FOR IMMEDIATE RELEASE
BLOOMINGTON, Ind. – The Indiana University Jacobs School of Music is pleased to announce the appointment of musicologist Judah Cohen as the school’s inaugural associate dean for faculty affairs, research and creative activity.
The new position will serve as a liaison between the Jacobs School of Music, the Office of the Vice Provost for Research and the Office of the Vice Provost for Faculty and Academic Affairs.
Cohen is currently professor of music in musicology at Jacobs, the Lou and Sybil Mervis Professor of Jewish Culture in the Robert A. and Sandra S. Borns Jewish Studies Program in the College and associate vice provost for faculty and academic affairs.
From Jan. 1 through March 31, 2024, Cohen will divide his time between the Jacobs School of Music and the Office of the Vice Provost for Faculty and Academic Affairs before serving full time at Jacobs beginning April 1. He will maintain his named professorship as the Lou and Sybil Mervis Professor of Jewish Culture.
“Judah’s experiences as director of the Borns Jewish Studies program and as associate vice provost for faculty and academic affairs have exceptionally prepared him for this new position,” said Abra Bush, David Henry Jacobs Bicentennial Dean. “I am delighted to welcome him to the Jacobs leadership team.”
Cohen’s research interests include music in Jewish life, American music, musical theater, popular culture, Caribbean Jewish history, diaspora and medical ethnomusicology. His training as a musicologist and an anthropologist, and his professional activity within Jewish studies have allowed him to explore many aspects of Jewish culture and history.
As a child, Cohen spent two years in St. Thomas, U.S.V.I., and he returned to the island in his first book, “Through the Sands of Time: A History of the Jewish Community of St. Thomas, U.S.V.I.,” which is both a historical narrative and a meditation on writing the history of a small community.

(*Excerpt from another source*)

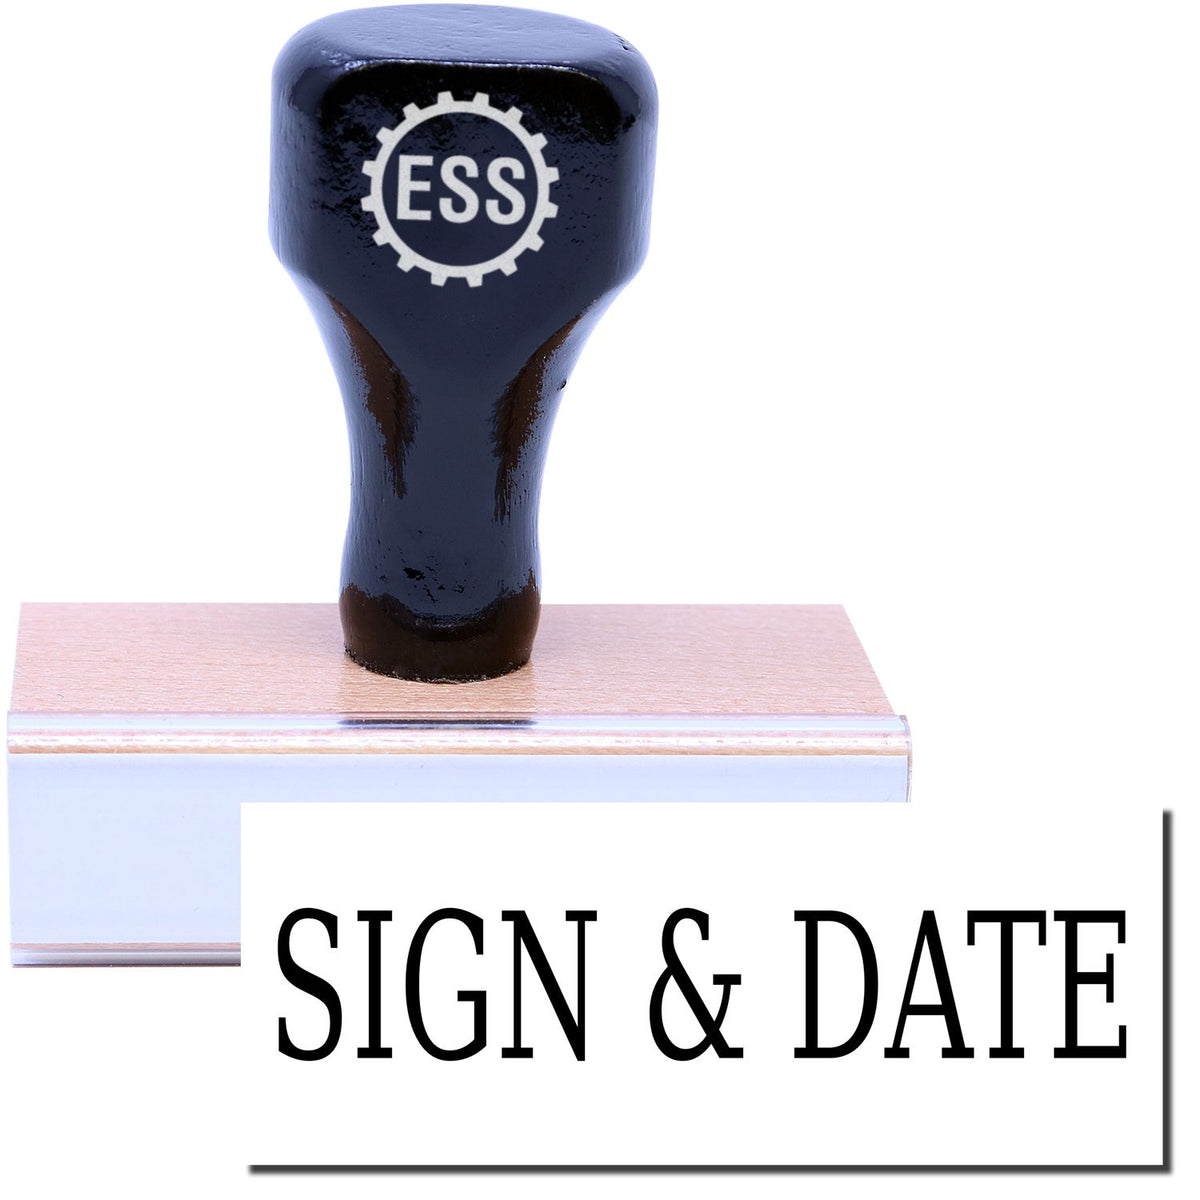 A stock office rubber stamp with a stamped image showing how the text &quot;SIGN &amp; DATE&quot; in a large font is displayed after stamping.

Subsequent projects have led him to investigate the history of Jewish music scholarship in the United States, musical theater works that address Holocaust memory, contemporary forms of Jewish musical expression and musical representations of such cultural figures as Anne Frank and Shylock.
Over the course of four books and over 50 articles, Cohen has explored the idea of Jewish cultural expression as a dynamic and ever-changing process, created and recreated over time by artists, religious leaders, philosophers and activists. He has aimed to understand this idea largely through the prism of sound and its relationship to ideas of Jewish identity.
Since coming to Indiana University in 2006, Cohen has received the IU Trustees Teaching Award in both 2008 and 2011, served four years on the Bloomington Faculty Council and completed a two-year term as director of the Borns Jewish Studies Program. He received the Greater Hudson Heritage Network Award for Excellence in 2011 for his book “Sounding Jewish Tradition: The Music of Central Synagogue.”